Museum Label

Object citation from website


Object label: This violin was handed down from slaveholder Elijah Burke to an enslaved man, Jesse Burke. Elijah owned a plantation in Arkansas, Mount Pleasant Plantation and in 1860 before he died, he gave the violin to an enslaved man on his plantation, Jesse. While Jesse was enslaved on the plantation, he played the violin for his owners and their guests as a form of entertainment.

I was very excited to find this object and I would have been excited to find any kind of musical instrument. I think that with my knowledge of slavery and how exclusive some things were to whites, like basic reading and writing, I figured music was one of those things as well. To learn of an enslaved man that was capable of playing such a beautiful instrument was really a wonderful thing to come across. It is difficult to express the beauty behind this object because I do not know what kind of music Mr. Jesse Burke played on this violin or how long he would spend practicing. That is one of the hard things to get past with history like this. You may never know the beautiful details behind such a simple object, and never know the full story. A hard truth to grasp about museums is that they will only give you the hard facts, and maybe not include the emotional segment of some objects. I would have loved to know the genre of music that Jesse Burke played on this violin, to know who inspired him to play, to know why Elijah Burke chose Jesse Burke to give his violin to. Another major question I have after researching this object is – was Elijah Burke related to Jesse Burke? I wish this relationship were explained. The museum states that Elijah was a slaveholder and Jesse was an enslaved man on his plantation, so I would likely conclude they were not related but there is always the possibility of Jesse being the child of a woman that Elijah abused on his plantation. Aside form the museum just purely not knowing this information, another reason to not include it could be that they do not want to take away from the object. It is possible that the museum would like to preserve the identity of the object and that could mean not including more information about the people that were involved with it. Although, I think museum-goers would be much more engaged with the objects if they were given a background that explained some of the mysteries behind the history of this violin.

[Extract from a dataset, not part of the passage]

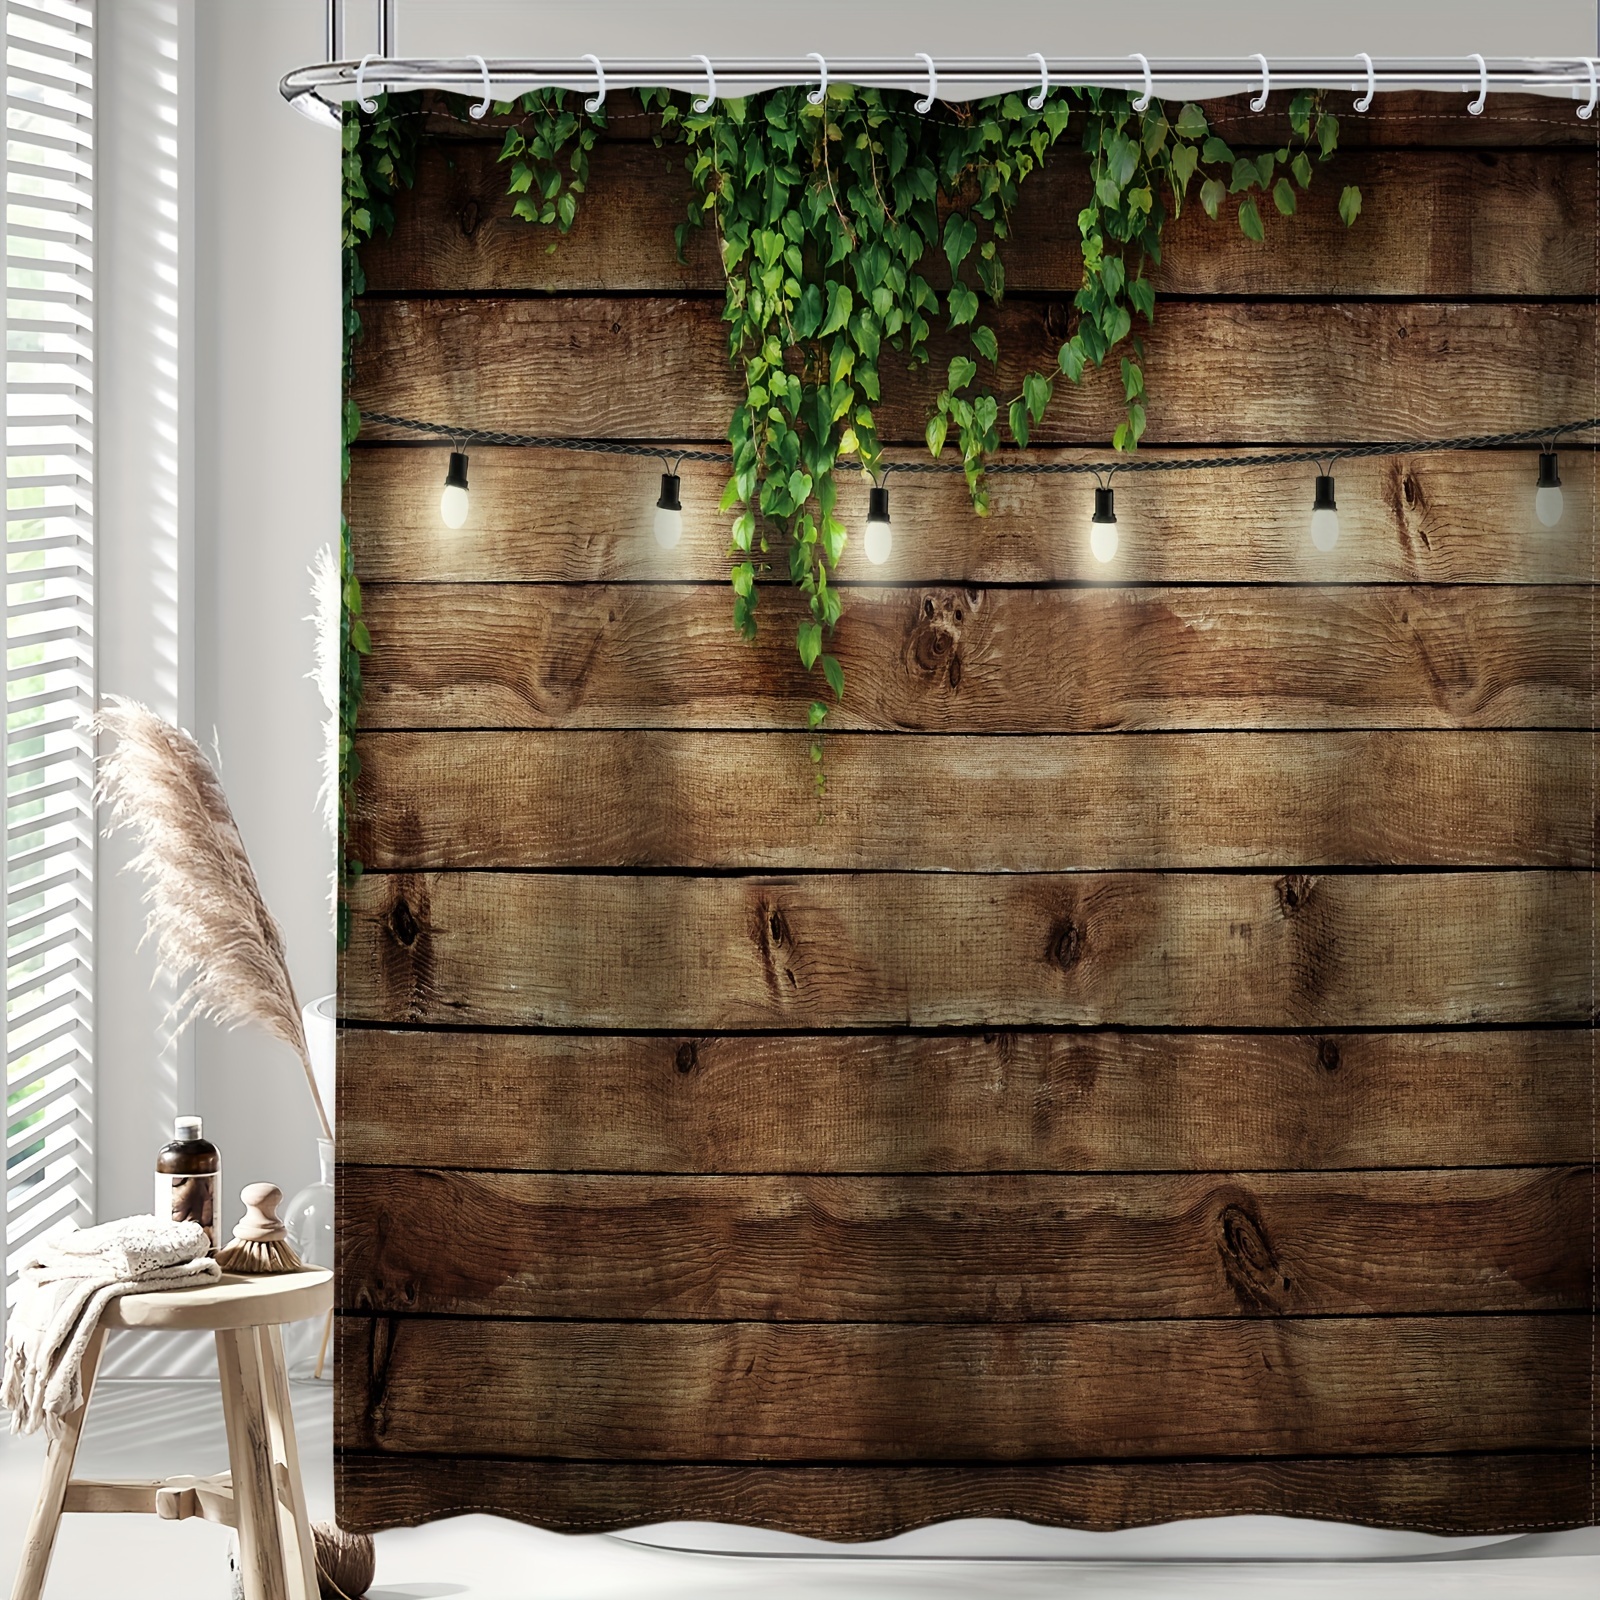 

1pc Rustic Farmhouse Outdoor Shower Curtain, Scenery Wooden Door Green Leaves Antique Brown Wall Lights Bathroom Home Decor, Waterproof Polyester, 12 Pack Hooks, 72wx72h Inch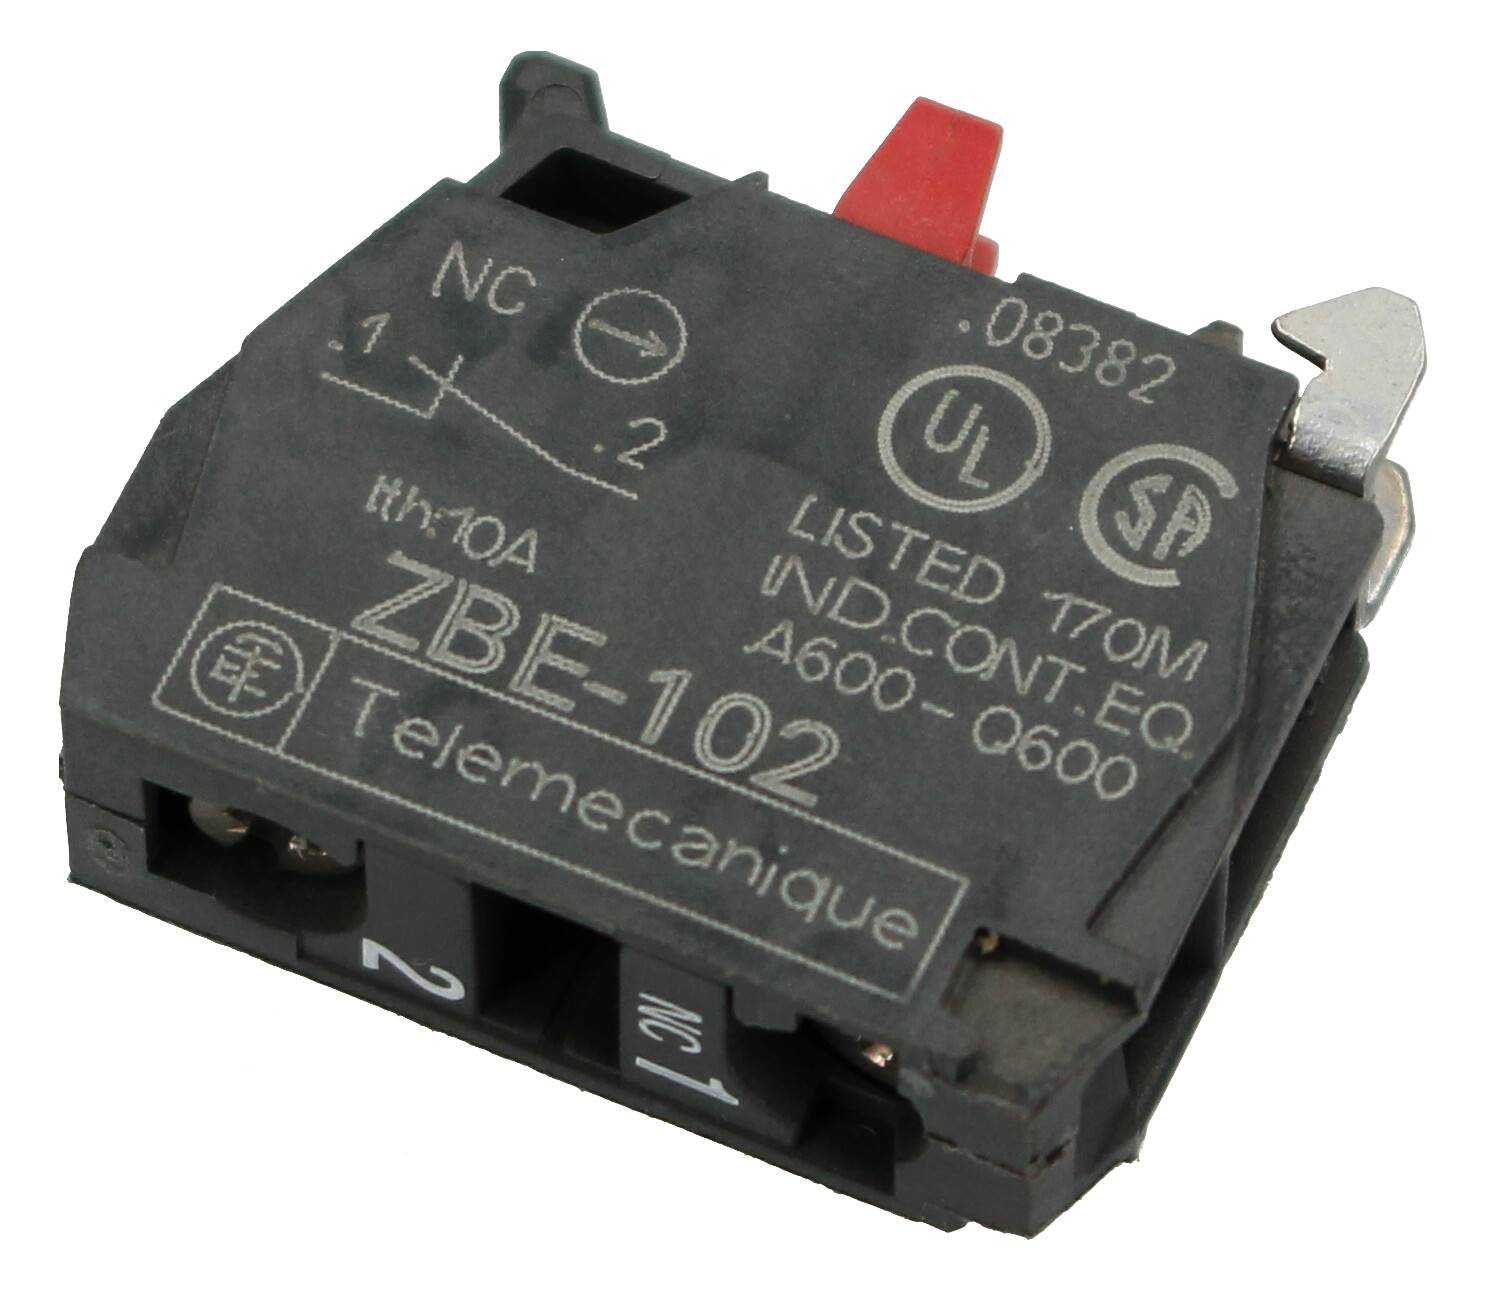 ZBE-102 CONTACT BLOCK FOR SCHNEIDER HEAD - Image 1

One thought on “Museum Label

  1. First, what an incredible find! I really enjoyed reading about your object label and additional analysis you provided for this item. I really appreciate your depth of inquiry and interest in this object, and I think it raises more questions than answers– which is a good thing! From this object and the metadata available about it, we know very little about Jesse Burke. He must have been incredibly talented if he was gifted this violin from his enslaver– an exchange that might seem a little surprising. We do not know the circumstances under which Jesse learned how to play the violin or the conditions he was asked or forced to play it for the entertainment of his enslaver’s family/friends. It may have been good intentioned, or perhaps not. But either way, I agree that Jesse must have had a lo for playing music on the violin and it may have been a personal escape to do so.

    Regarding your question about the relationship between Jesse and his enslaver, it was extremely common for enslaved people to take the last name of their enslaver– it reflected the paternalist system of slavery.

    This was a great read! Thank you for sharing your thoughts and critical analysis about this violin!